For this holiday season, the U.S. Postal Service is piloting a new way to manage its stamp inventory, and it all started with a frustrated husband who couldn’t find the Christmas stamps his wife requested.
When Kathy Warnaar, the USPS manager of information technology performance achievement, was at the grocery store during the holidays last year, she encountered a frantic man who asked the cashier for Christmas stamps. The cashier replied that the store had run out of them, and the man was visibly upset, Warnaar said.
Warnaar took the experience to a meeting of the agency’s IT team and found that other employees had encountered similar problems.
“[Because I work for the USPS] I felt somehow personally responsible to find these stamps for that man,” Warnaar told FedScoop in early November. “That man and his wife wanted a lovely stamp on their Christmas cards. That meant something to them. That means something to me.”
So, in response, the IT team got to work. Using the ServiceNow platform, USPS developed a new mobile-compatible stamp inventory management system to increase the efficiency of the stamp’s return on investment.
“As we produce stamps, there’s a fixed amount that get produced,” USPS Vice President of IT John Edgar told FedScoop Friday. “In the general process, at some point in time, we take a look at our stamp inventory and decide that whatever’s left is pulled back out of circulation and ultimately destroyed.”
But to avoid this, the team developed a desktop app with mobile compatibility to manage the general stamp inventory at the post office level nationally and locally.
“We use that information to move the inventory between post offices to meet local demand, not just national demand for those particular stamp products,” Edgar said. “This application, which we built on the ServiceNow platform, is designed to do just that.
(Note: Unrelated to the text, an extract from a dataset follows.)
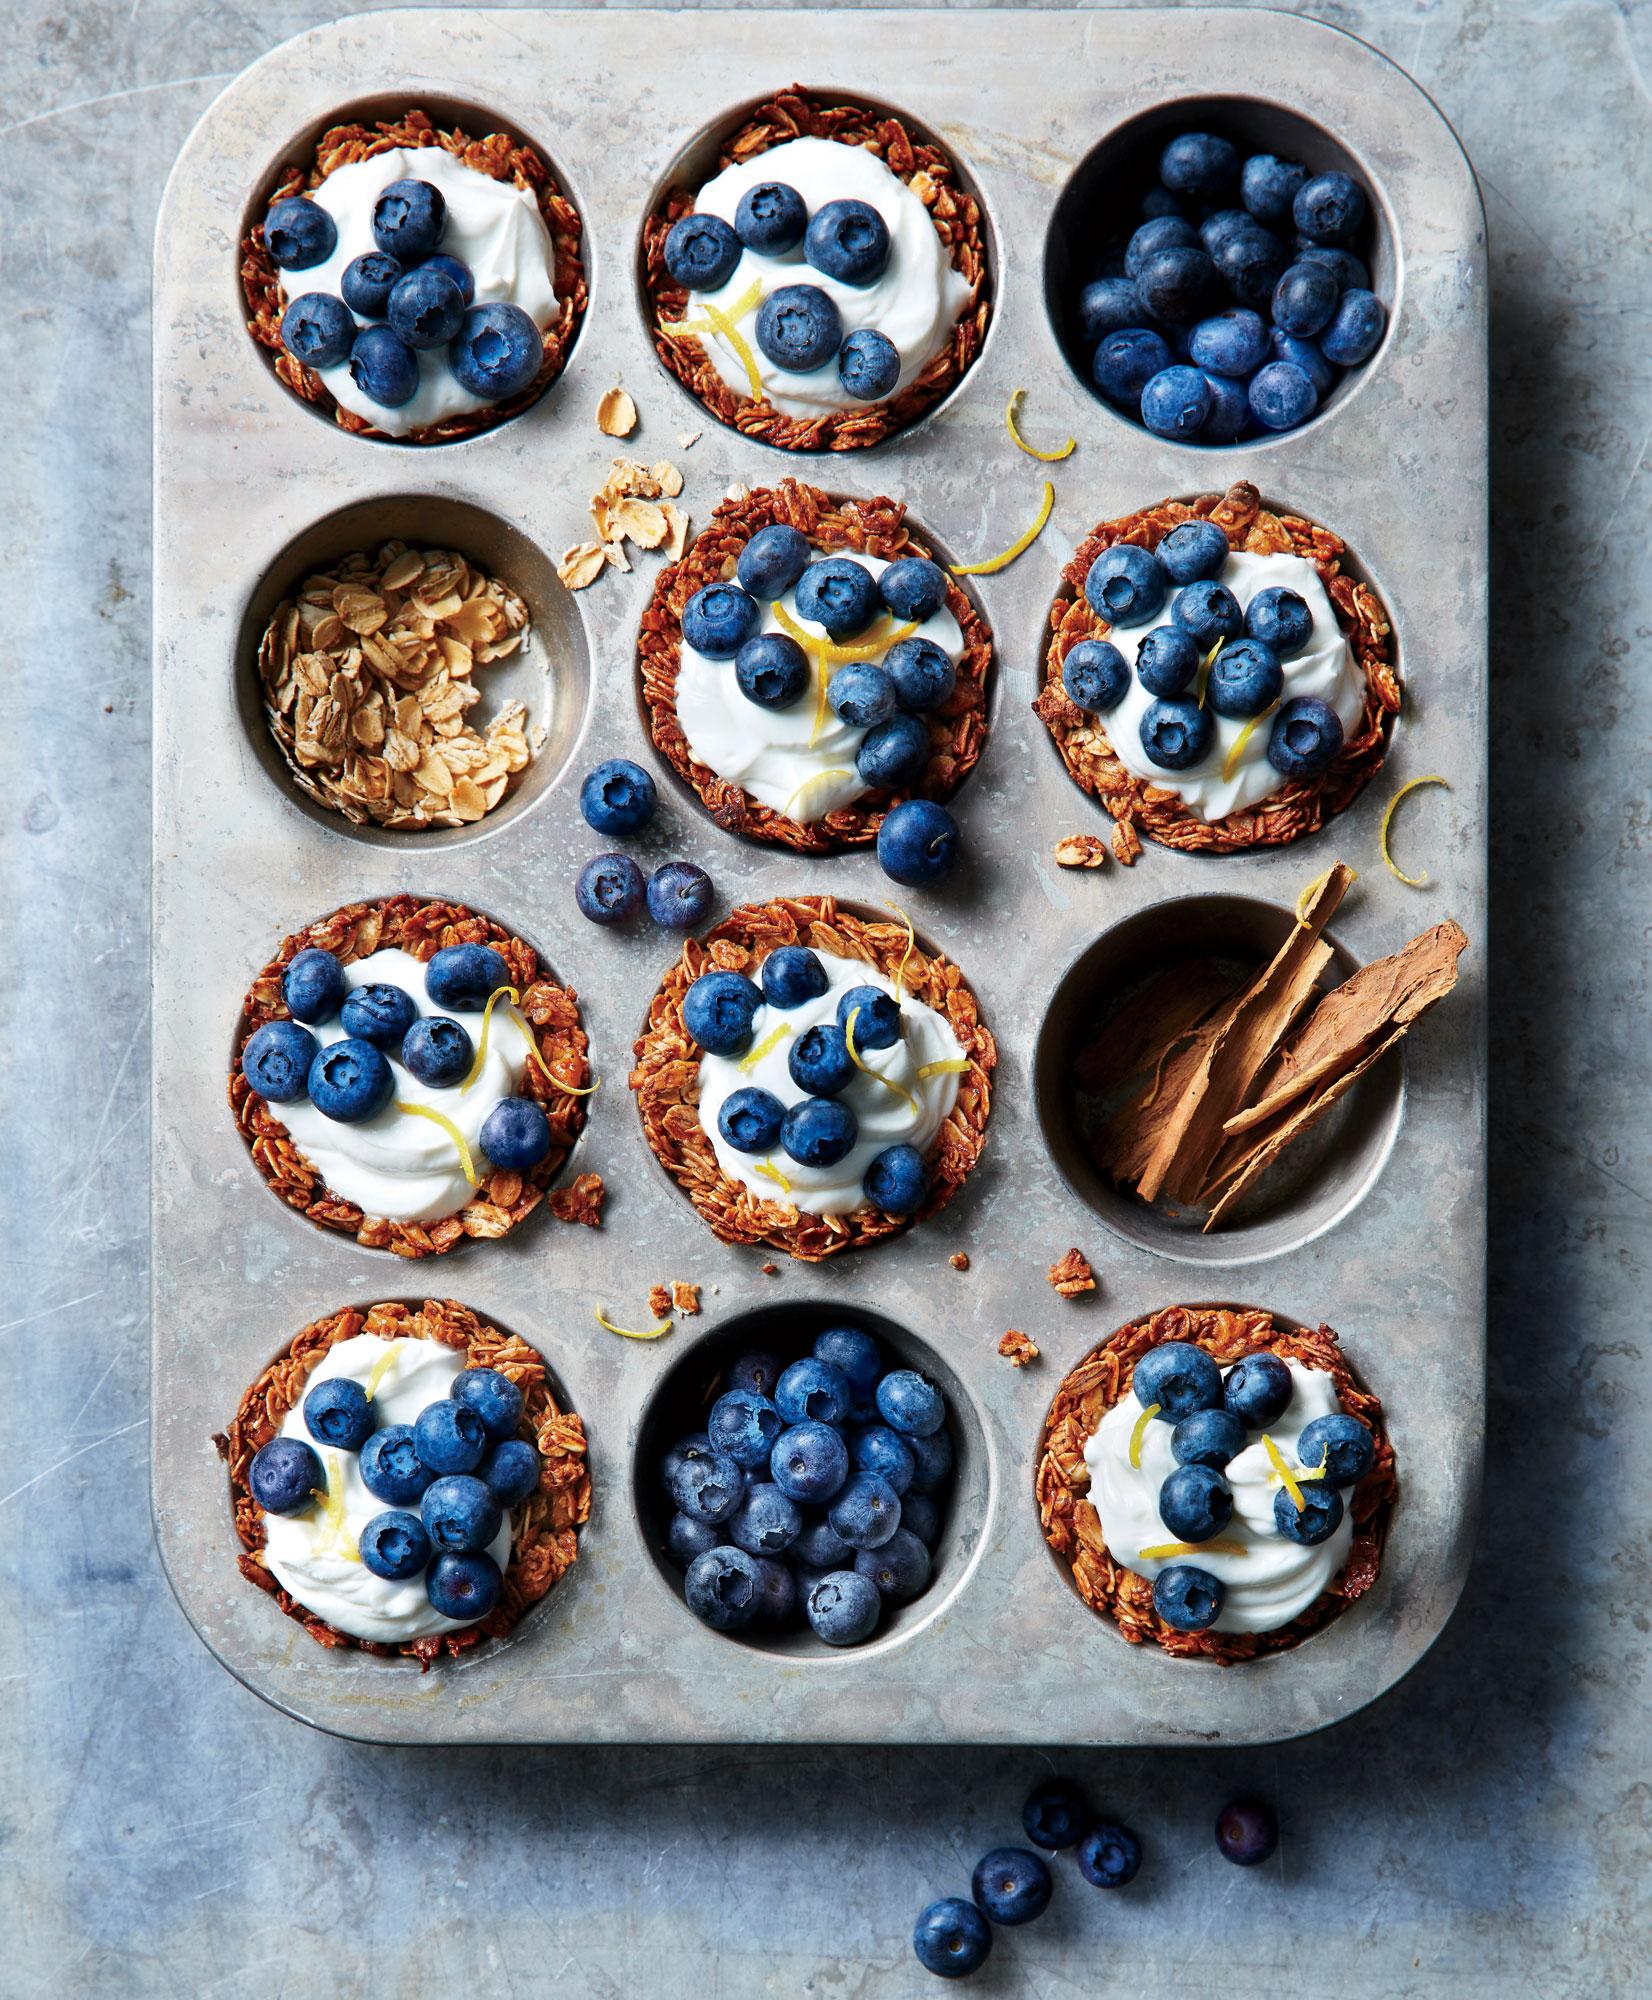 Granola Cups with Yogurt and Berries
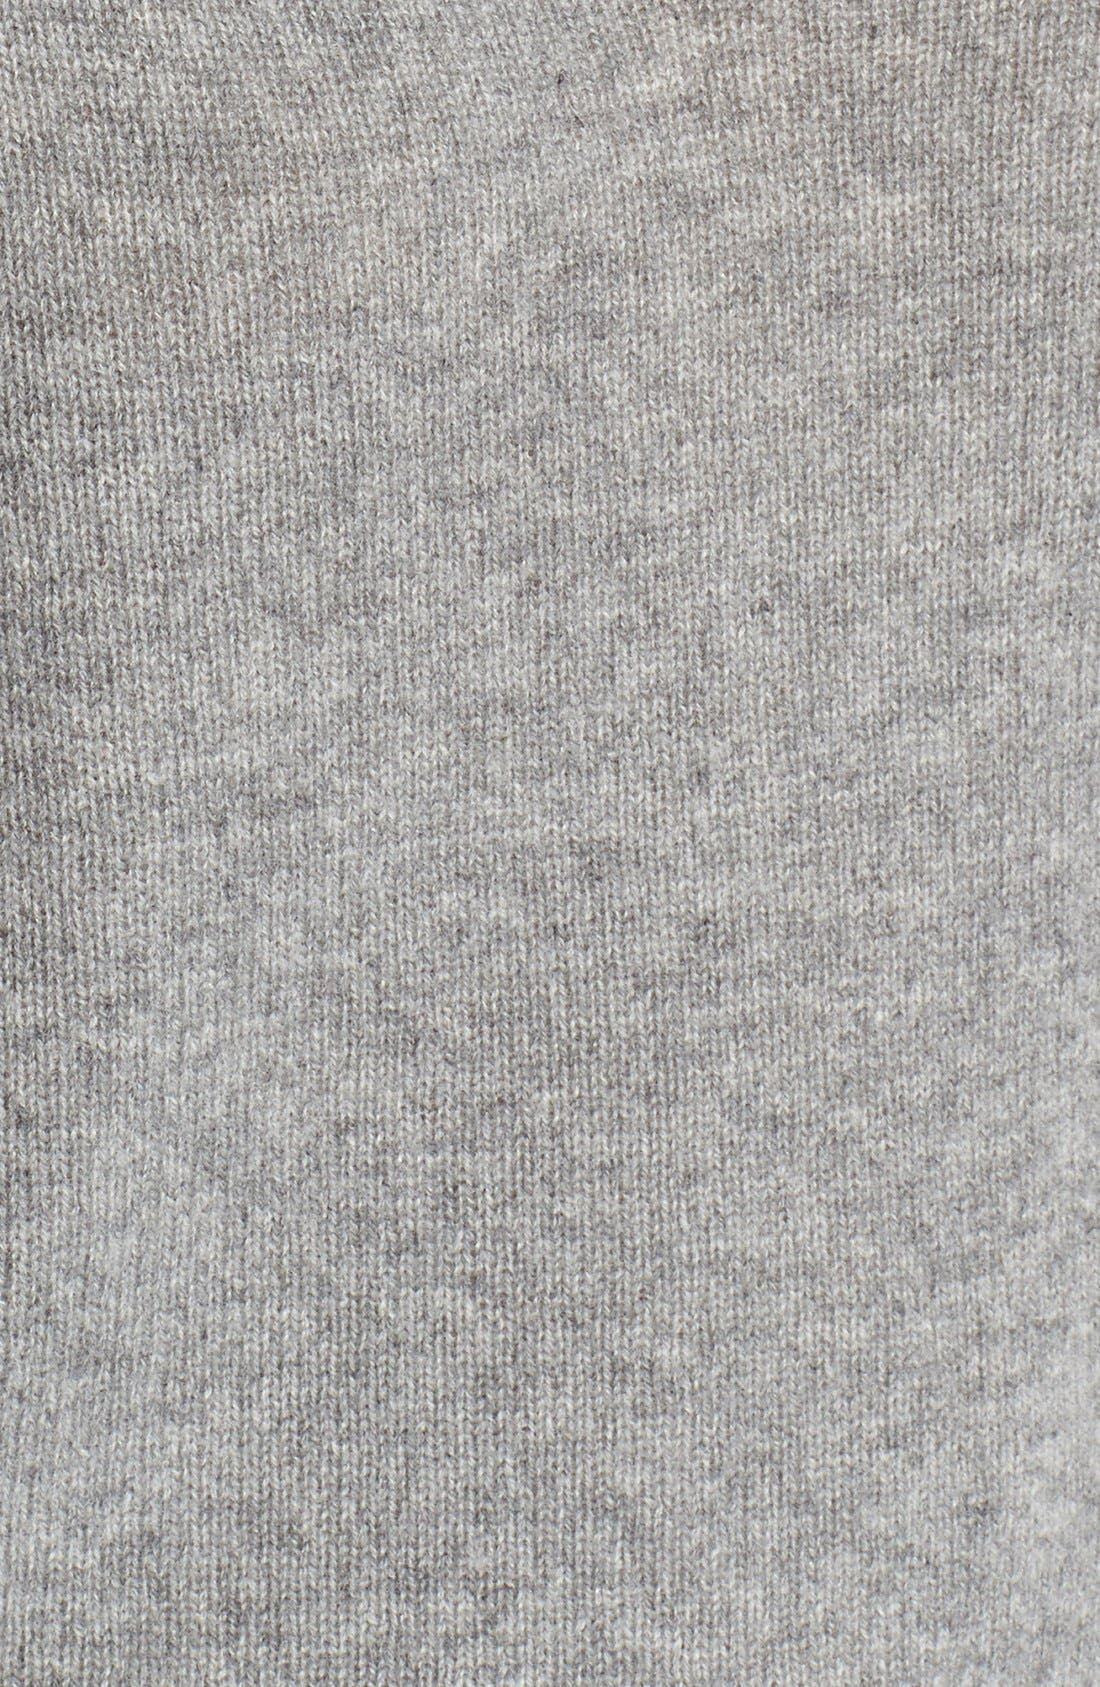 'Martin' Cashmere Crop Sweater,                             Alternate thumbnail 3, color,                             020

It gives both the national view and local post offices the ability to manage their inventory.”
It’s the first holiday season that the post office has used this inventory management system, which it says can help to avoid or lessen the amount of problems like the one Warnaar encountered at the grocery store.
“If they are starting to run low on a particular holiday stamp, it gets identified early, and we can then identify geographically local sites that may have excess where the sale demand is not as great at that one particular office and use that information to reallocate the inventory and continue to make the stamps available to the general public in the limits of the overall production run,” Edgar said.
So far, according to Edgar, the progress is going well. USPS employees are primarily using the desktop version of the application, but as they become more familiar with it, the mobile feature may get more use.
Transitioning out of the holiday season, the inventory system may help USPS cut down on the amount of stamps wasted and destroyed, which will directly result in cost savings for the independent government agency that receives no taxpayer funding.
“The expectation is that it will reduce the amount of inventory that at some future point in time has to be disposed of,” Edgar said. “We’ll be more efficient about how [stamps] are made available to where people want to buy them.”